The monthly mortgage calculation involves the total loan amount, loan term, interest rate and repayment method
1. Total loan amount and loan term
The total loan amount is the amount of borrowed money The total amount of money a person obtains from a bank or financial institution, and the loan term is how long the borrower has to pay back the loan. Generally speaking, the longer the loan term, the monthly repayments will be relatively lower, but the total interest expense will be higher.
2. Interest rate
Interest rate is the fee charged by a bank or financial institution for a loan, usually expressed in the form of an annual interest rate. The level of interest rates directly affects the monthly repayment amount. The higher the interest rate, the larger the monthly payment.
3. Repayment Methods
Common mortgage repayment methods include the equal principal and interest repayment method and the equal principal repayment method.
Equal principal and interest repayment method: repay the same amount of loan (including principal and interest) every month. In the early stages of repayment, interest expenses account for a large proportion, and as the principal is gradually repaid, interest expenses gradually decrease.
Equal principal repayment method: The same amount of principal is repaid every month, and interest is calculated based on the remaining principal. Therefore, the monthly repayment amount decreases month by month.
The bank or financial institution will calculate the monthly repayment amount based on the borrower's total loan amount, loan term, interest rate, and selected repayment method.
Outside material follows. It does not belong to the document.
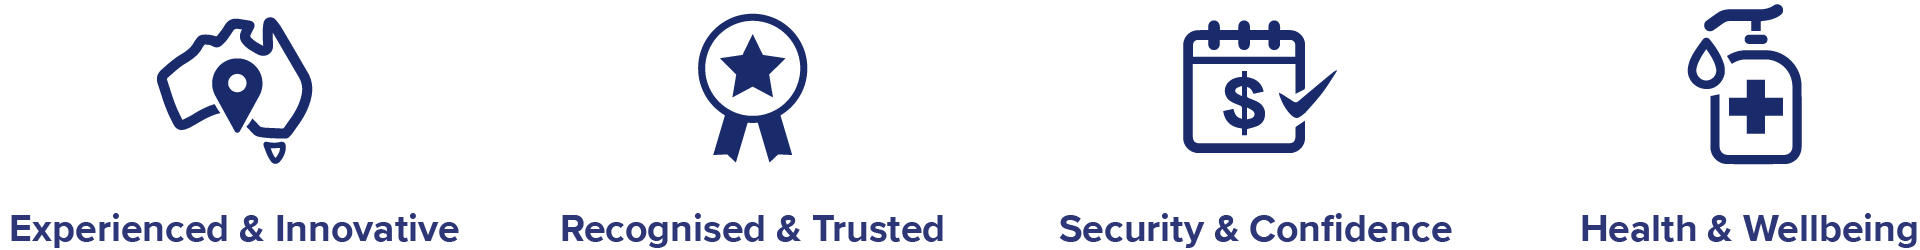 Assurance Icons Logo Homepage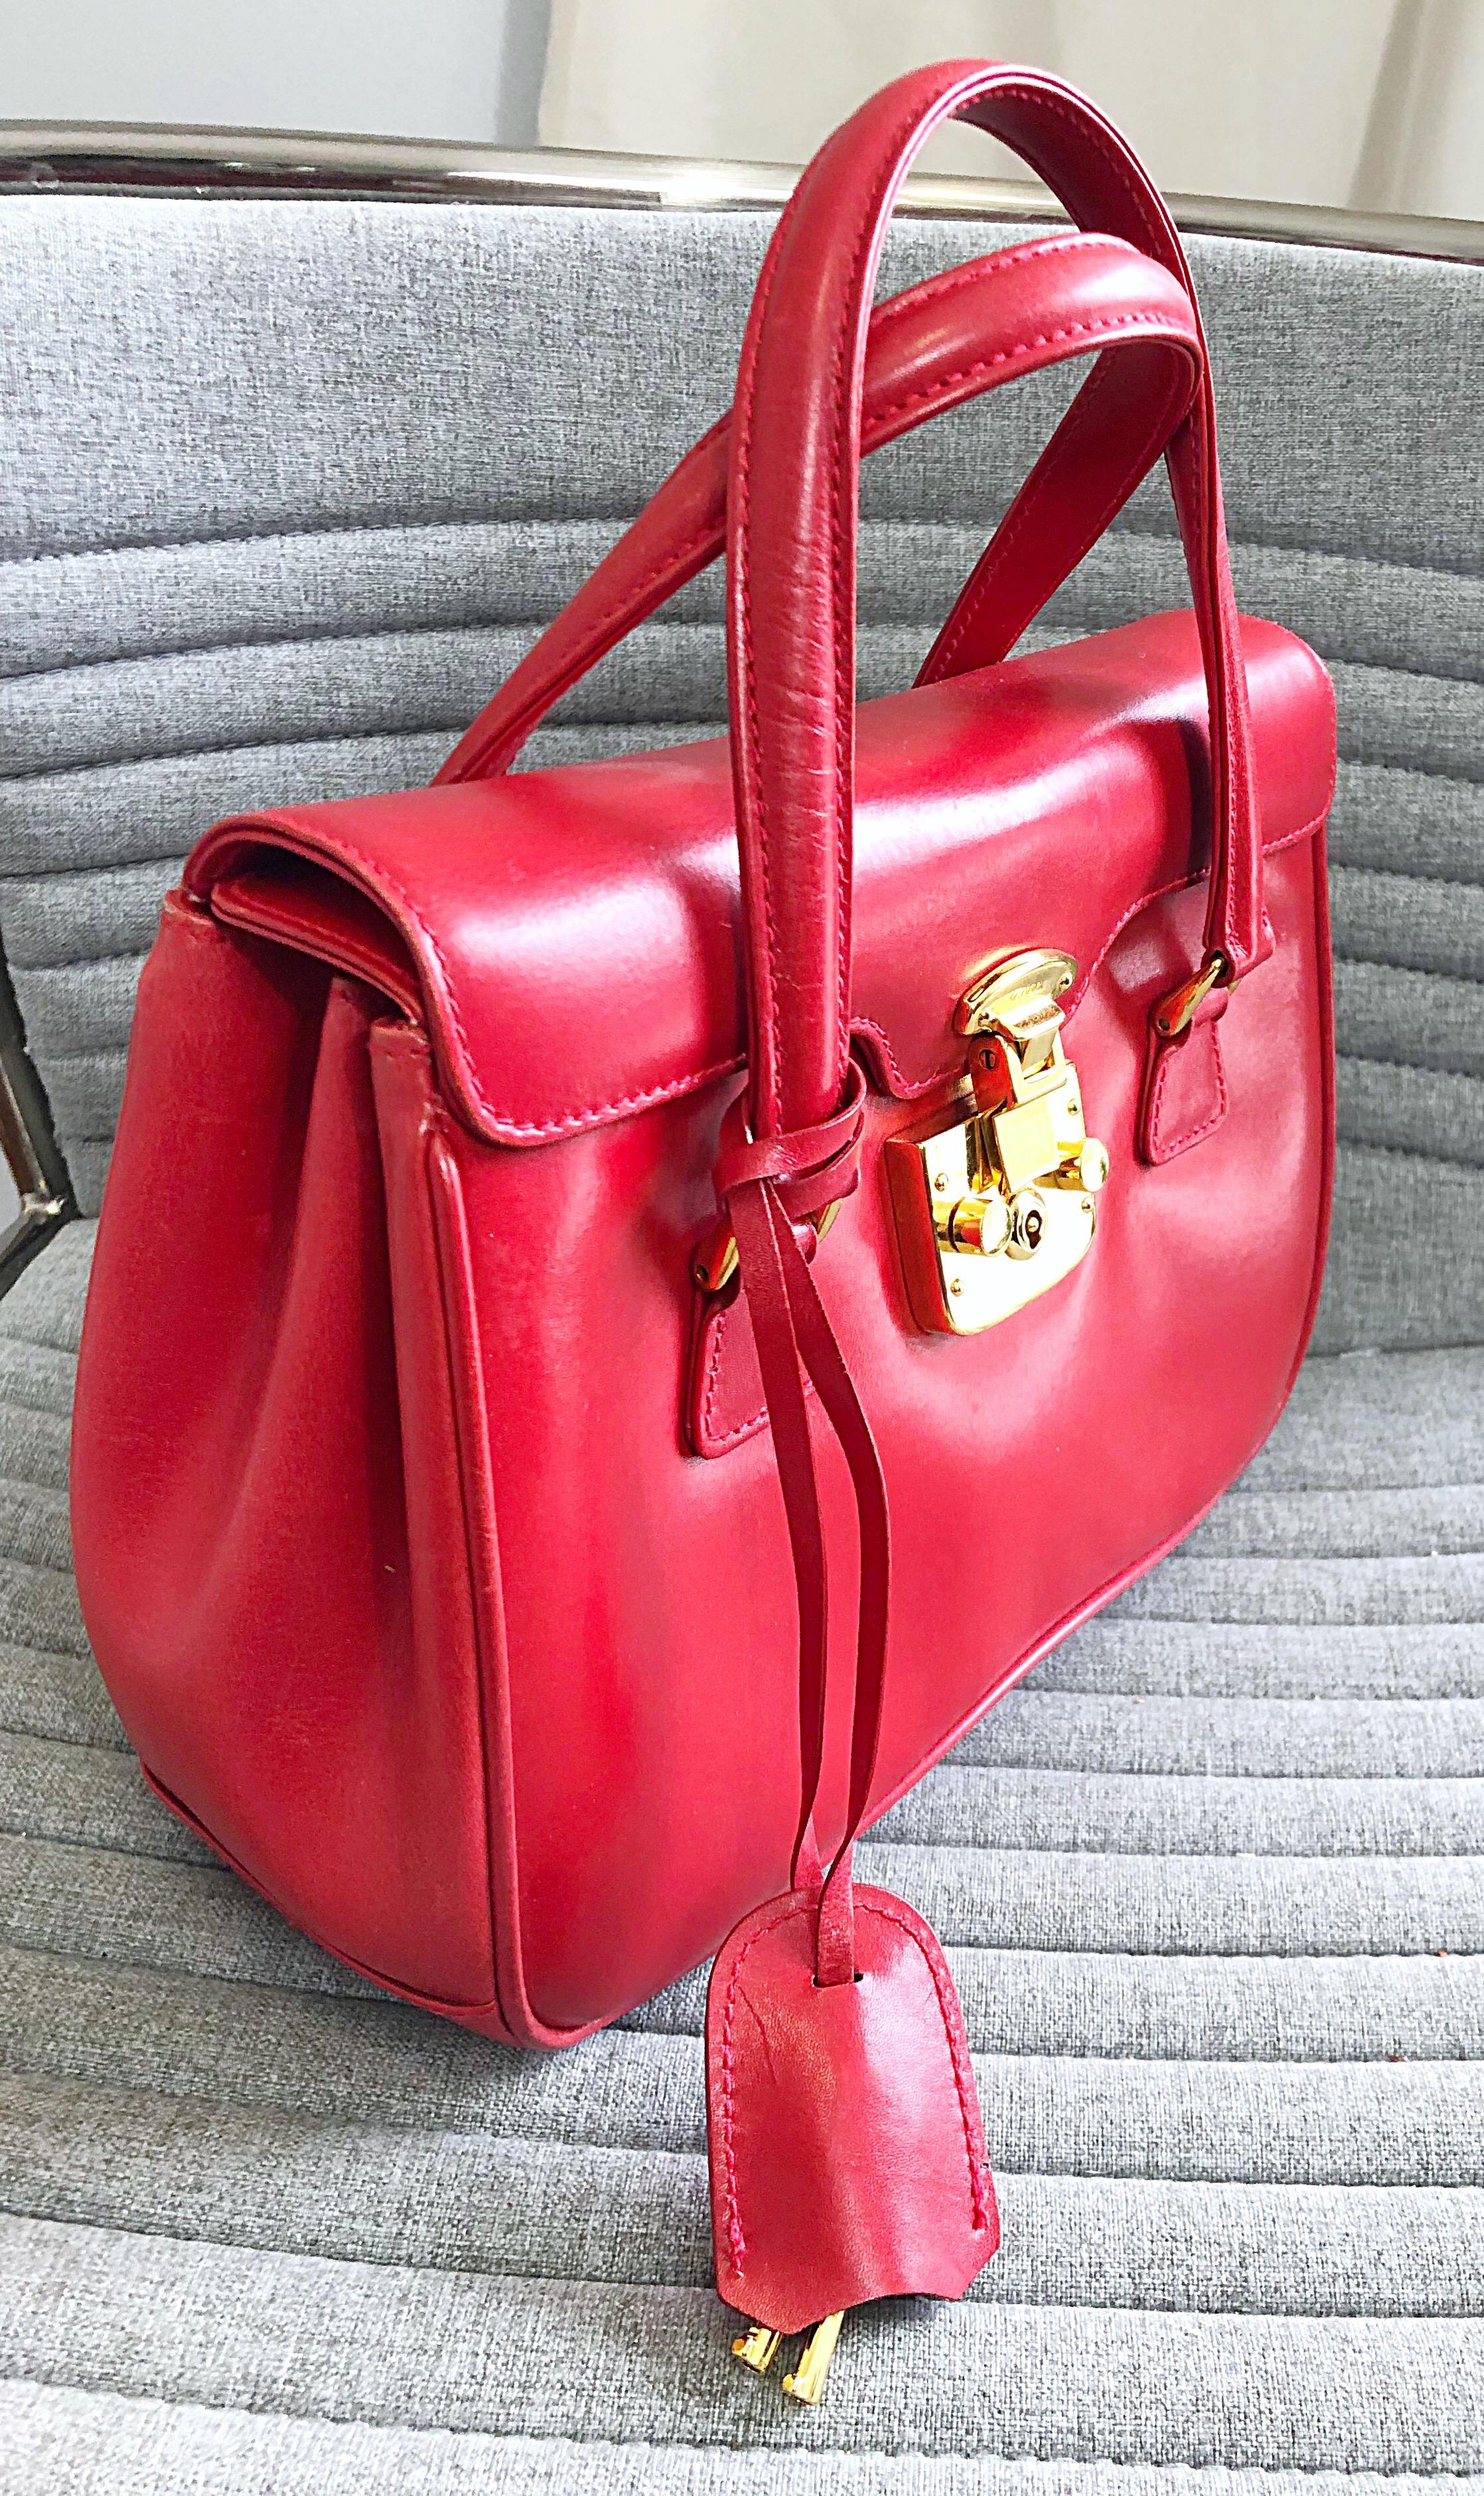 Gucci 1990s Lipstick Red Leather Vintage 90s Purse Handbag Satchel Bag 1

The borrower needs to repay according to the repayment date and amount agreed in the contract.
4. Prepayment and liquidated damages
Sometimes the borrower may choose to repay part or all of the loan early. While early repayment can help reduce total interest expenses, banks may charge a penalty in some cases. Therefore, before repaying the loan early, the borrower needs to understand the terms of the contract and consult the bank's relevant regulations.
To summarize:
The monthly mortgage calculation involves multiple factors such as total loan amount, loan term, interest rate, and repayment method. Borrowers need to choose an appropriate repayment method based on their own financial conditions, and repay in accordance with the repayment date and amount agreed in the contract. Although early repayment can help reduce interest expenses, you need to pay attention to possible liquidated damages.
Legal basis:
"Contract Law of the People's Republic of China"
Article 125 provides:
If the parties have a dispute over their understanding of a contract term, they should determine the true meaning of the term based on the words and phrases used in the contract, the relevant clauses of the contract, the purpose of the contract, trading habits and the principle of good faith.